- WHAT IS NEEDED: Give all of the data again exactly as written, omitting every image.

- DATASET EXCERPT:
▼
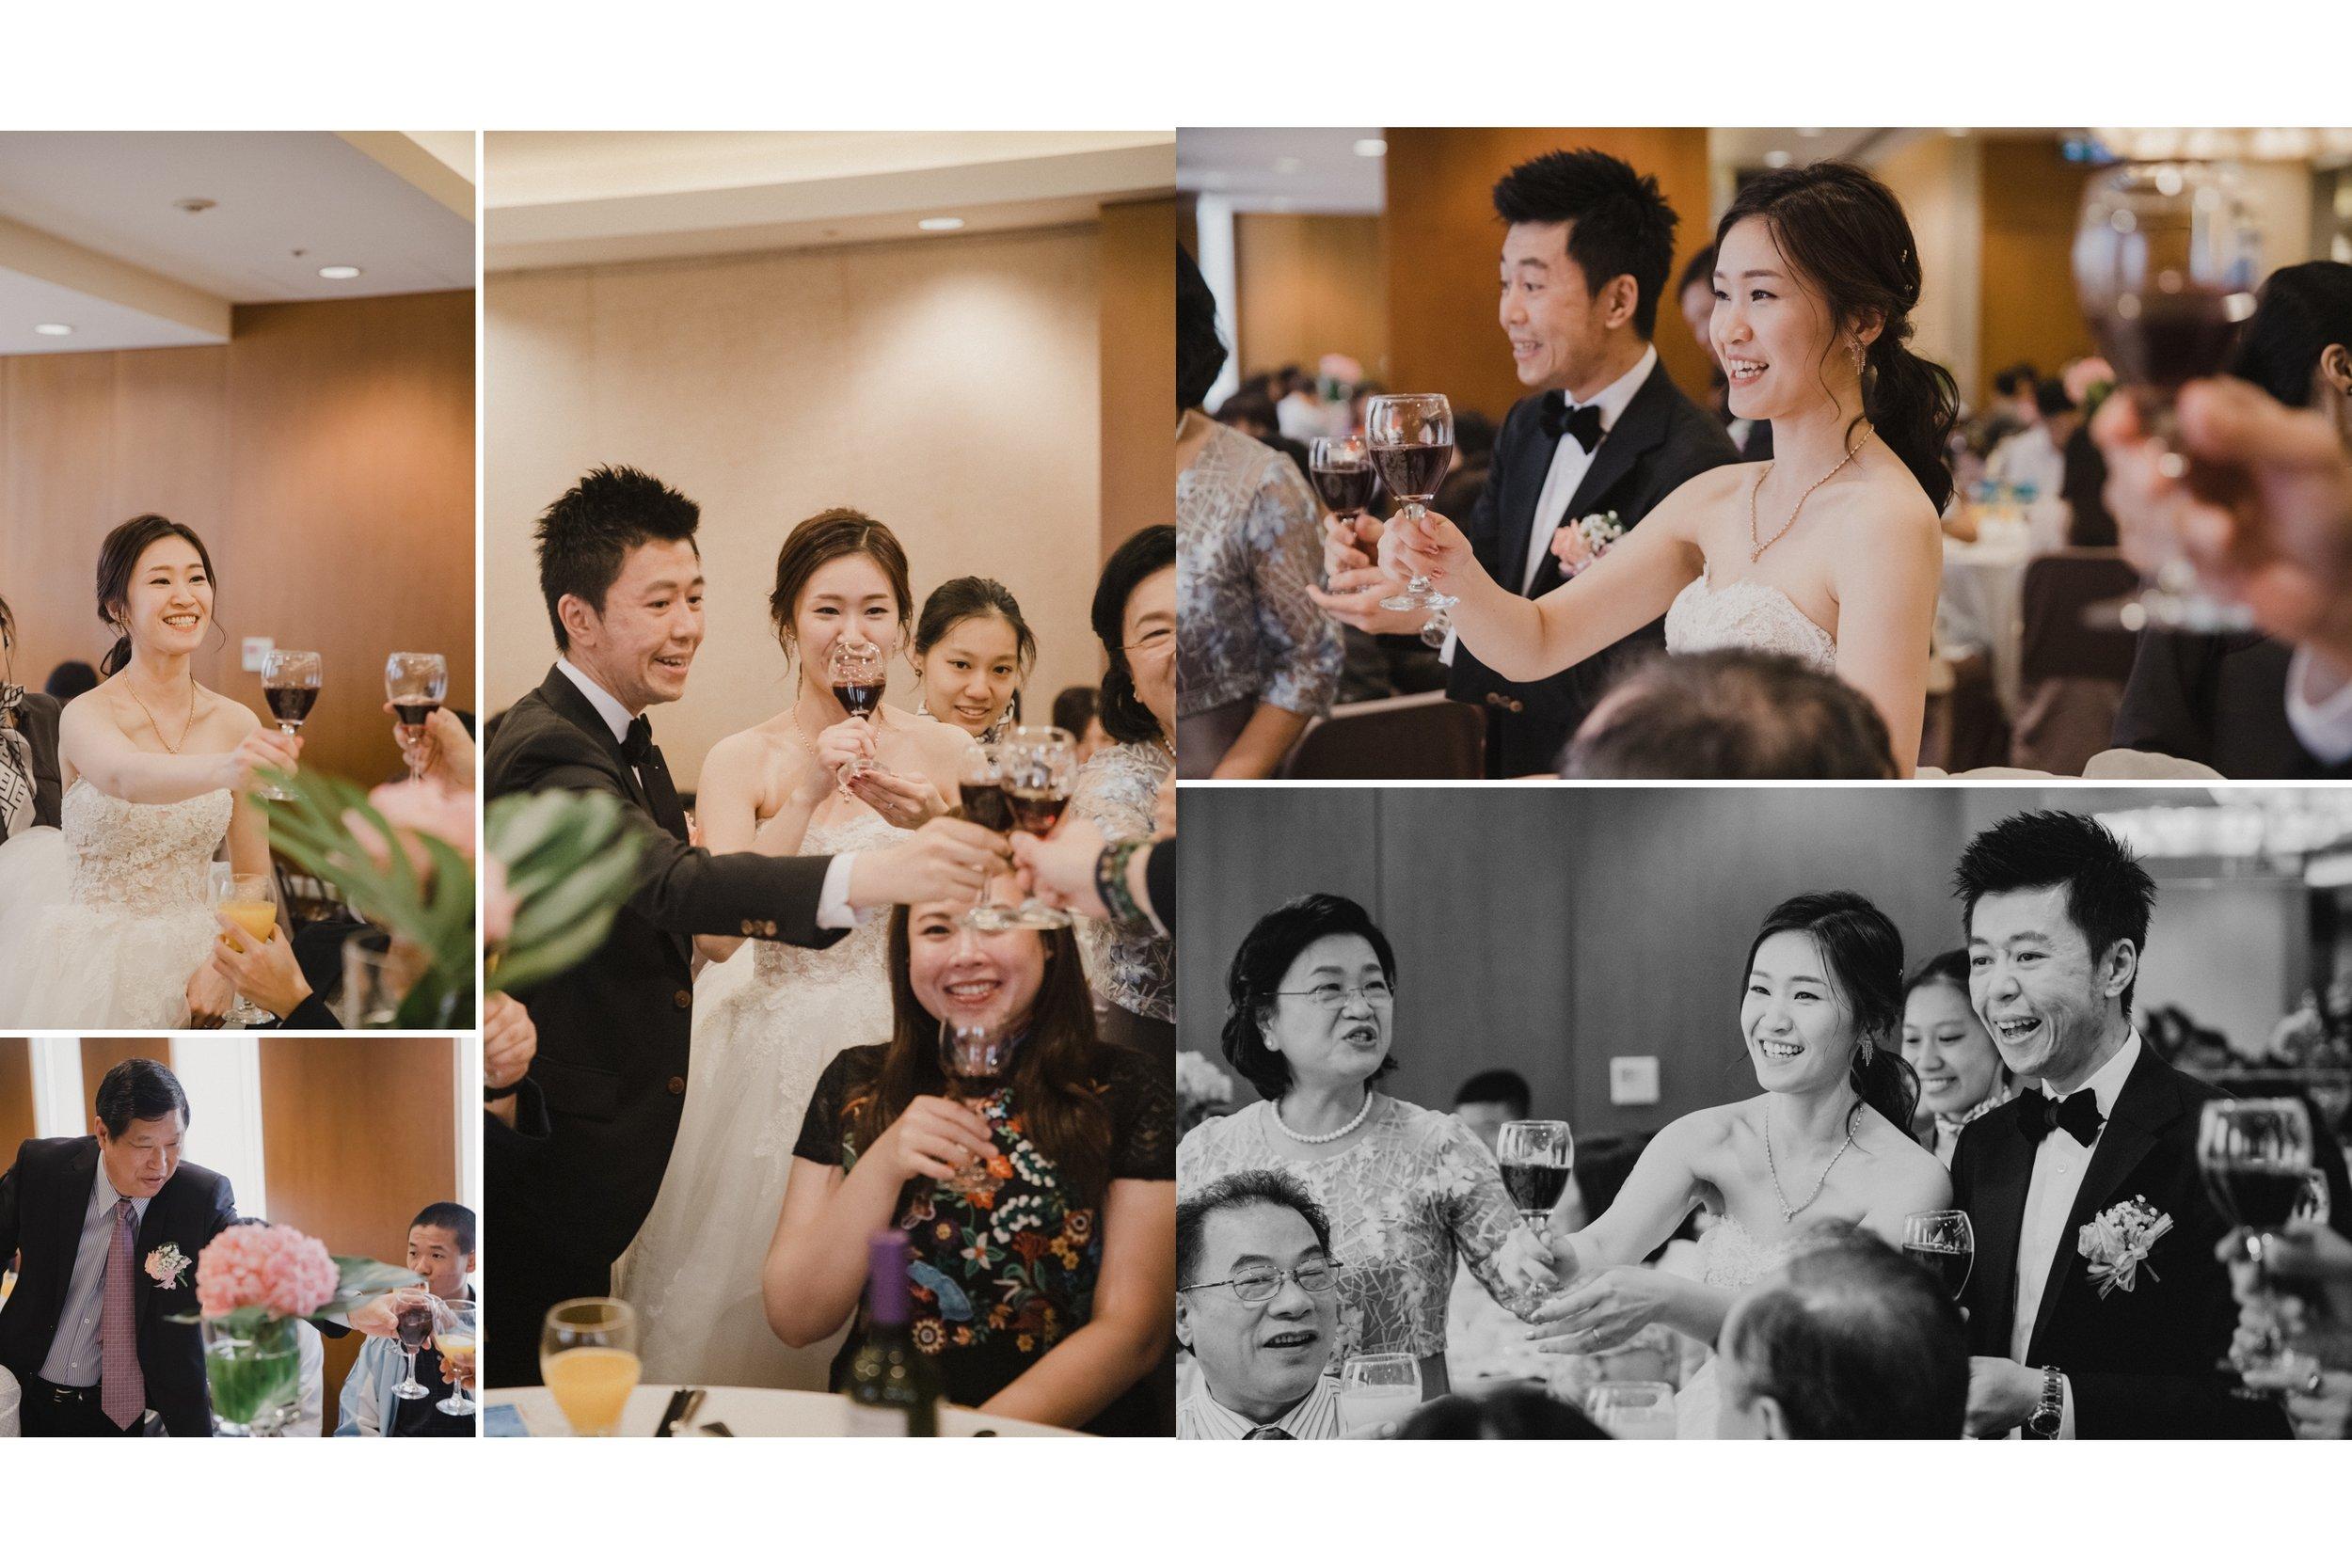 wedding-caridee-oscar-lunch-ambassador-hsinchu-結婚午宴-新竹國賓_122.jpg
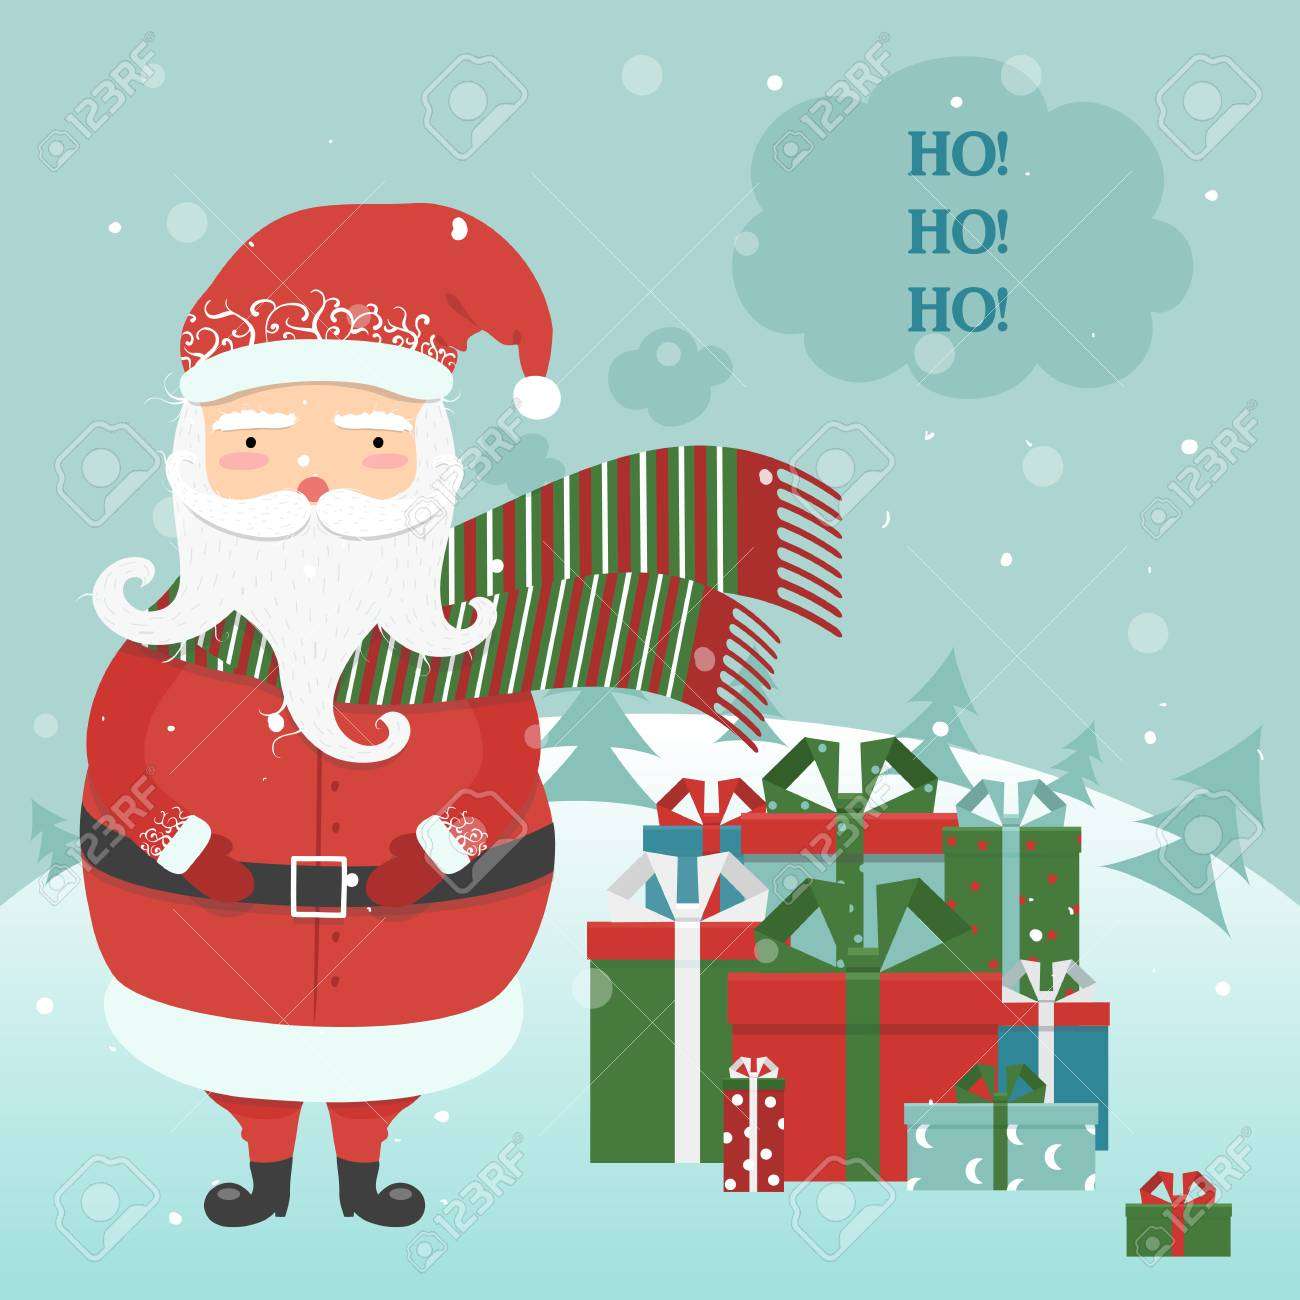 Ilustracao Vetorial De Natal Ano Novo Concept Jolly Desenhos
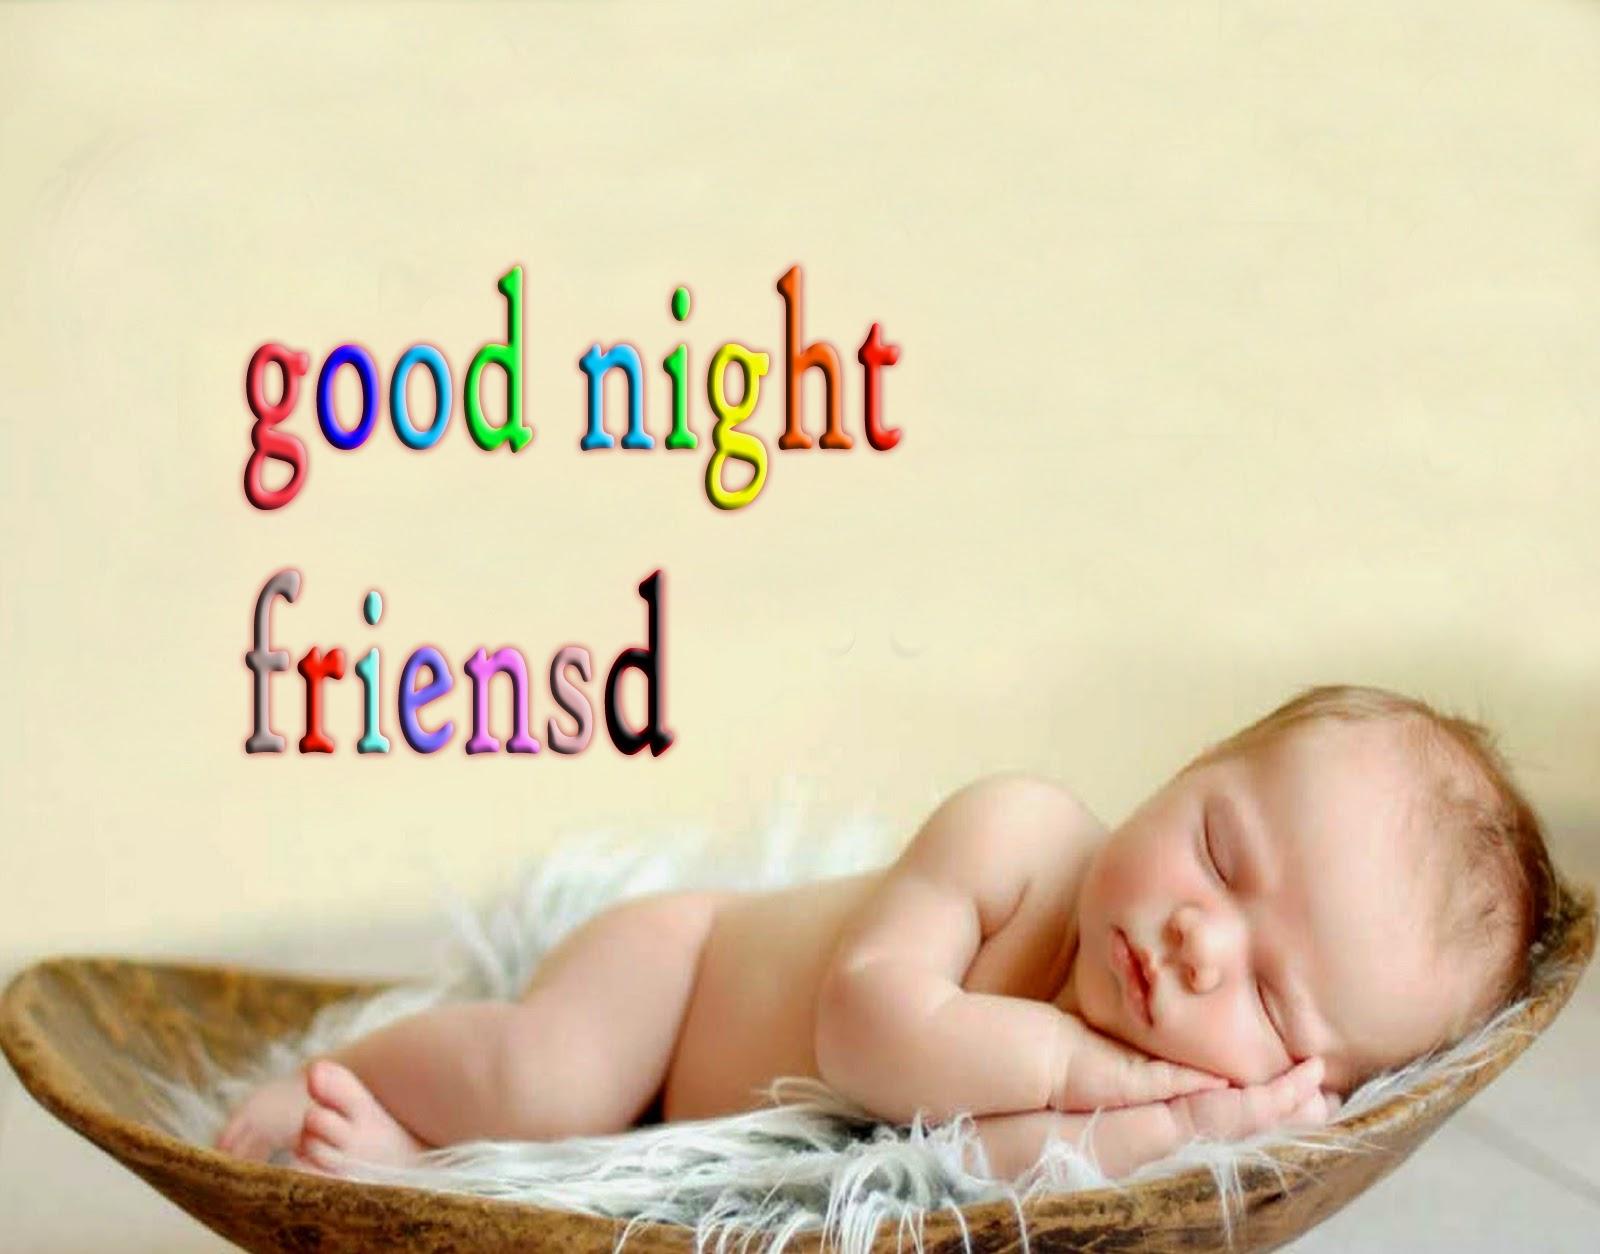 Free Hd Wallpapers Of Download Free Hd Wallpapers Download Hd Wallpapers Of Events Download Free Hd Good Night Wallpaper
▲
- TASK RESULT:
 wedding-caridee-oscar-lunch-ambassador-hsinchu-結婚午宴-新竹國賓_122.jpg
 Ilustracao Vetorial De Natal Ano Novo Concept Jolly Desenhos
 Free Hd Wallpapers Of Download Free Hd Wallpapers Download Hd Wallpapers Of Events Download Free Hd Good Night Wallpaper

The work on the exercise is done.